_GIVEN INFORMATION_.
----
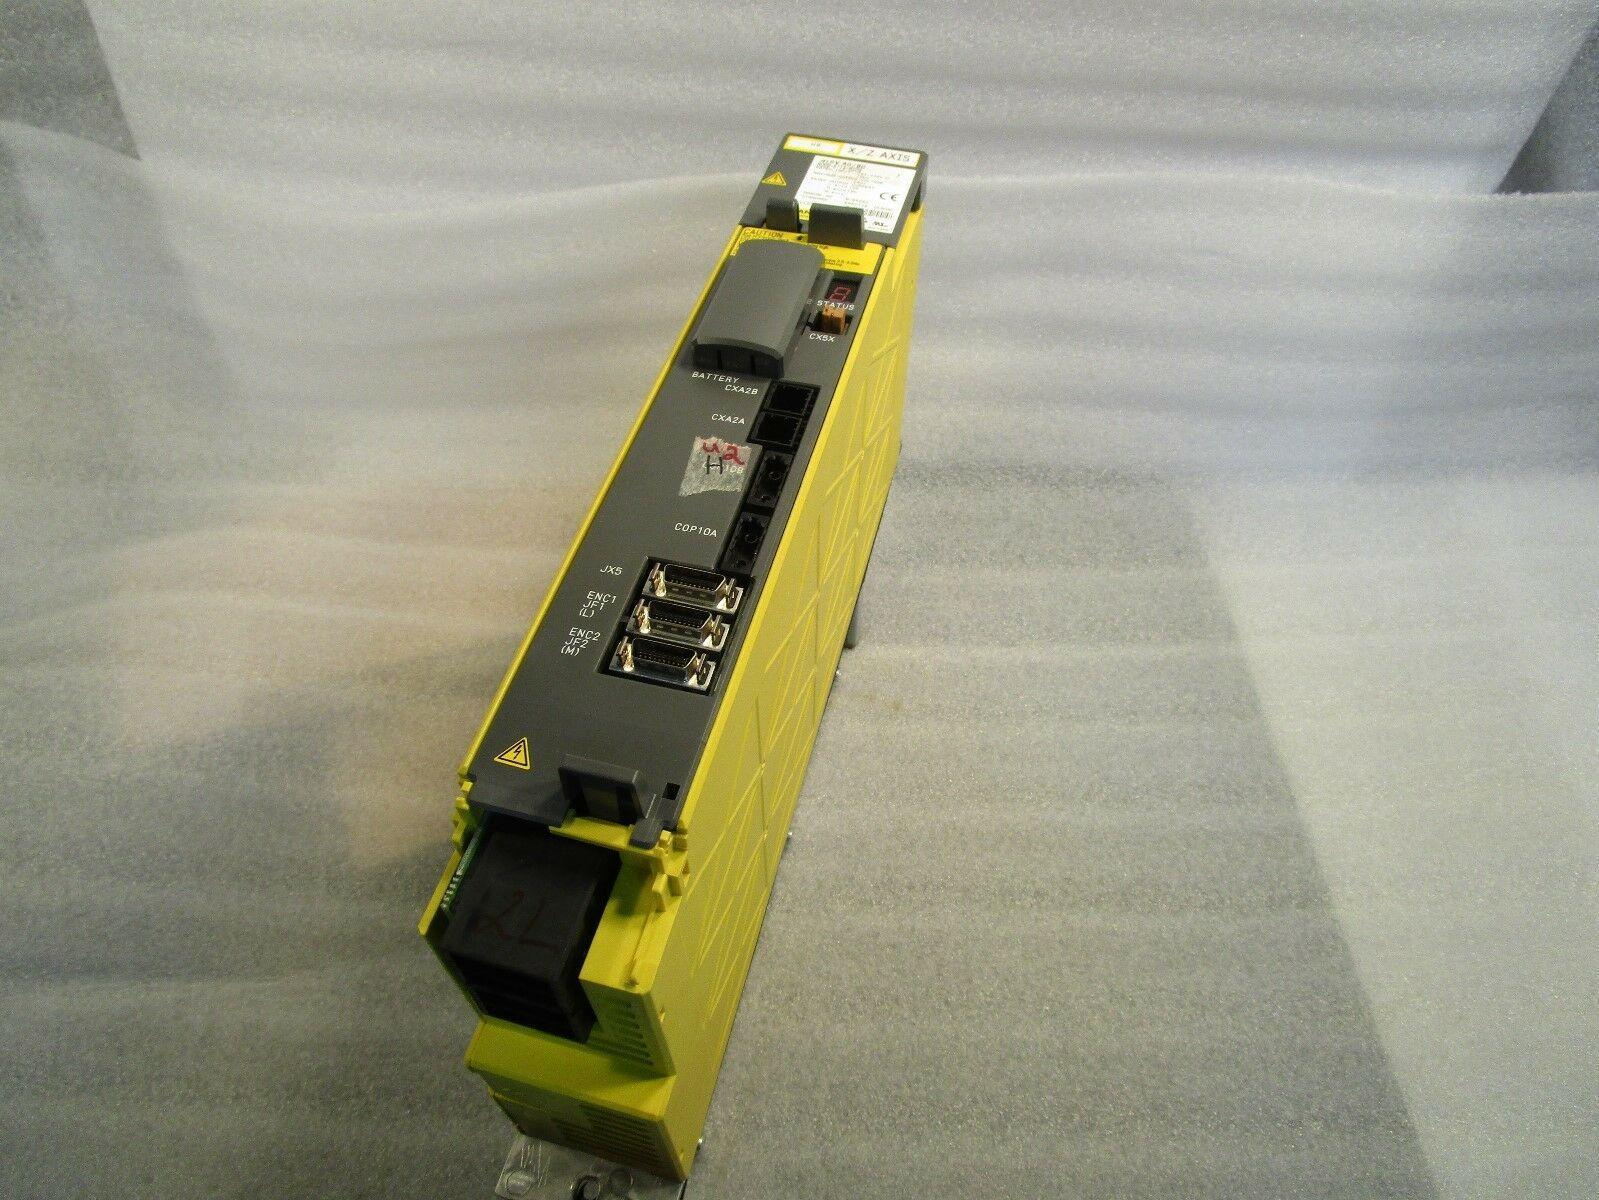 Fanuc A06B-6114-H208 aiSY 40/80 2-Axis Drive Alpha iSY 40/80
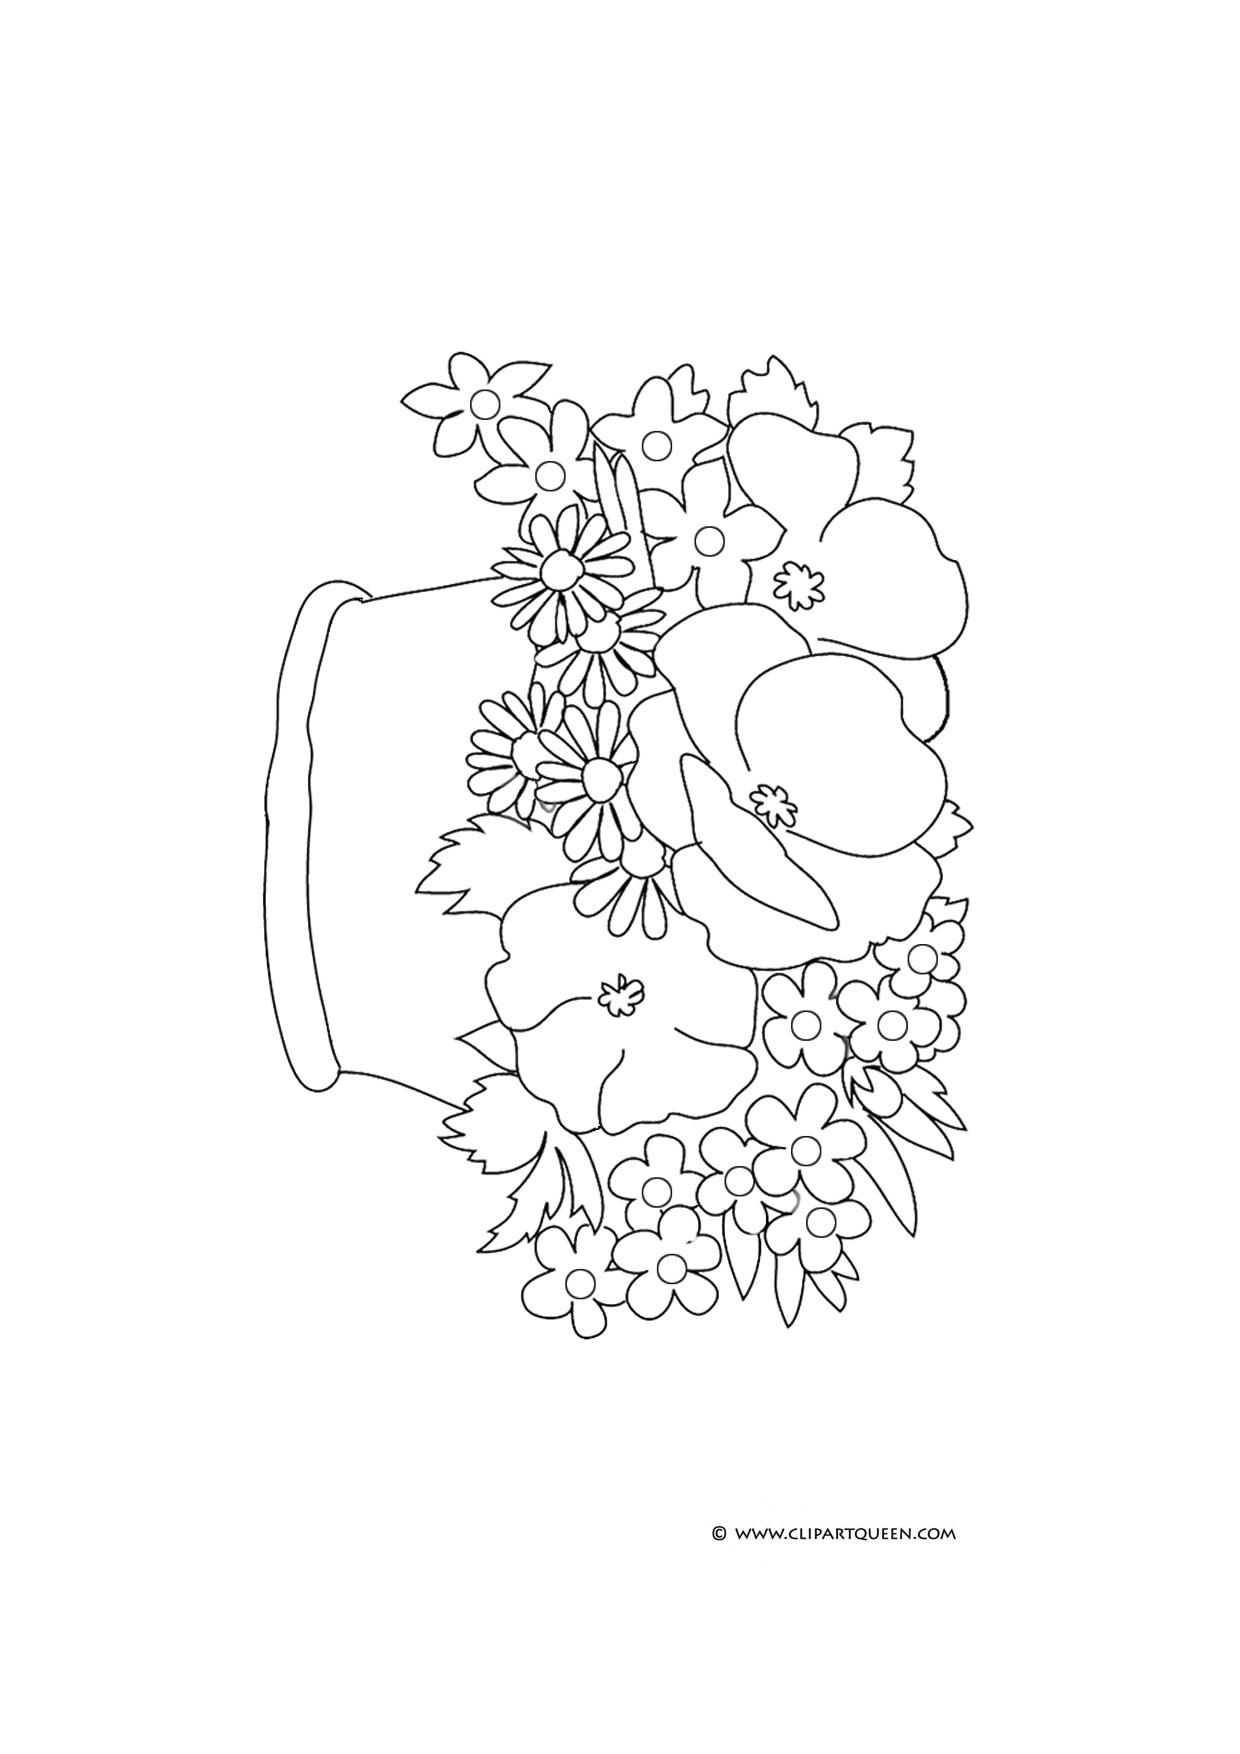 1240x1754 Basket Of Flower Drawings Easy Drawing Of Basket Of Flowers Free
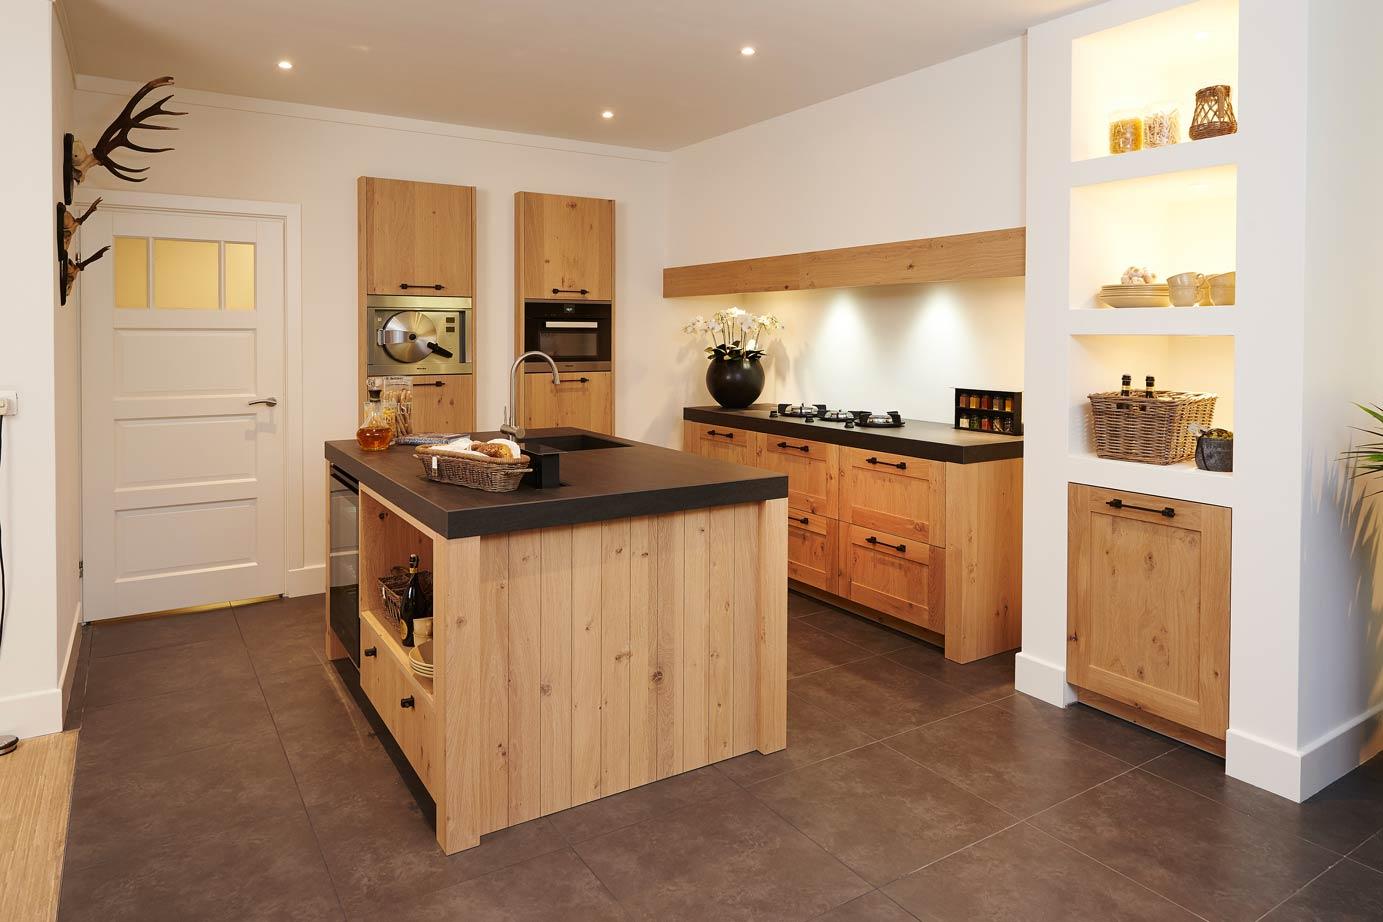 Van Hout Keukens : Houten keuken strak met ambachtelijk eiken db keukens
----
_EXERCISE INSTRUCTIONS_. Repeat the data exactly. Pictures should not appear.

_SOLUTION FOR THIS PROBLEM_.
 Fanuc A06B-6114-H208 aiSY 40/80 2-Axis Drive Alpha iSY 40/80
 1240x1754 Basket Of Flower Drawings Easy Drawing Of Basket Of Flowers Free
 Van Hout Keukens : Houten keuken strak met ambachtelijk eiken db keukens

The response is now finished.